Чтение онлайн

ЖАНРЫ

Полночь в саду добра и зла
Шрифт:

Глава XXVIII

УСПЕХ

Лилиан Маклерой вышла на крыльцо своего дома, чтобы полить цветы и посмотреть, что творится на Монтрей-сквер. По площади расхаживали дамы в юбках с кринолинами, мужчины в сюртуках и одетые в синюю форму солдаты с ружьями на плечах. Яркое солнце меркло от клубов пыли – самосвалы вываливали на Булл-стрит груды земли, чтобы она выглядела, как немощеная улица девятнадцатого века. Панорама была ошеломляющая, тем более, что она как две капли воды походила на сцену, которую снимали здесь же, когда делали фильм об убийстве Авраама Линкольна. На этот раз фильм назывался «Слава» и рассказывал о создании первого негритянского полка в армии Соединенных Штатов во время Гражданской войны. Миссис Маклерой посмотрела на Мерсер-хауз, невольно ожидая увидеть свисающее с балкона полотнище со свастикой.

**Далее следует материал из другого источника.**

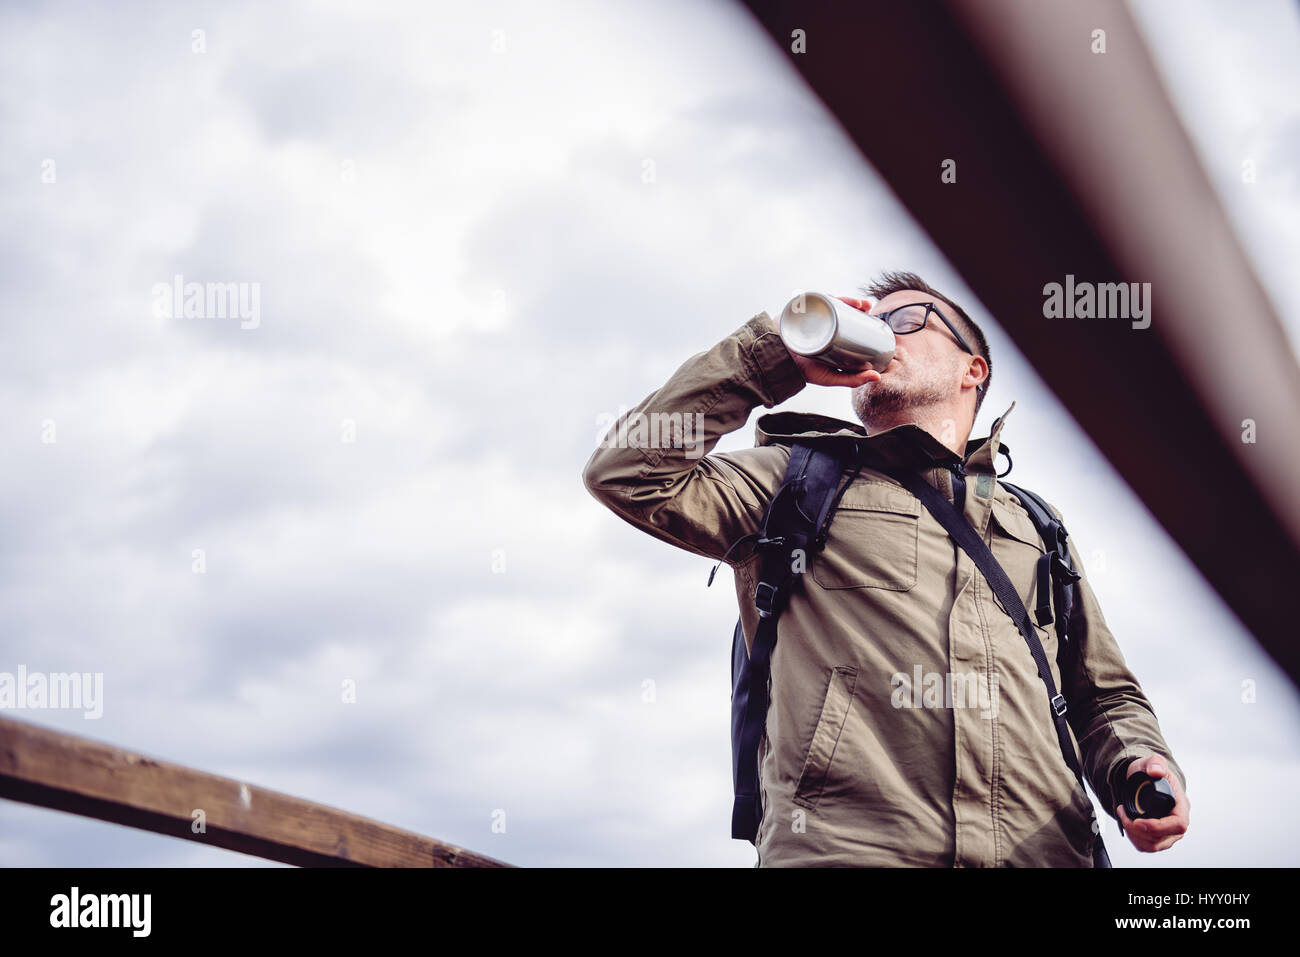 Escursionista in appoggio sulla staccionata in legno e acqua potabile Immagini Stock

Однако, на этот раз Джим Уильямс не был

склонен к подобным экстравагантностям. Более того, на этот раз он разрешил киношникам воспользоваться своим домом – установить в нем аппаратуру и занавесить окна кружевными занавесками, чтобы придать Мерсер-хауз сходство с бостонским домом середины шестидесятых годов прошлого века. Несколько ранее Уильямс и продюсер сидели в кабинете Джима и за мадерой и сигарой договаривались об оплате. Продюсер предложил 10000 долларов, на что Уильямс с улыбкой ответил: «Восемь лет назад в этой комнате я застрелил человека. Он стоял как раз на том самом месте, где сейчас сидите вы. Через пару месяцев состоится четвертый процесс по моему делу, а у моих адвокатов очень высокие запросы. Поэтому пусть будет двадцать пять тысяч долларов и по рукам».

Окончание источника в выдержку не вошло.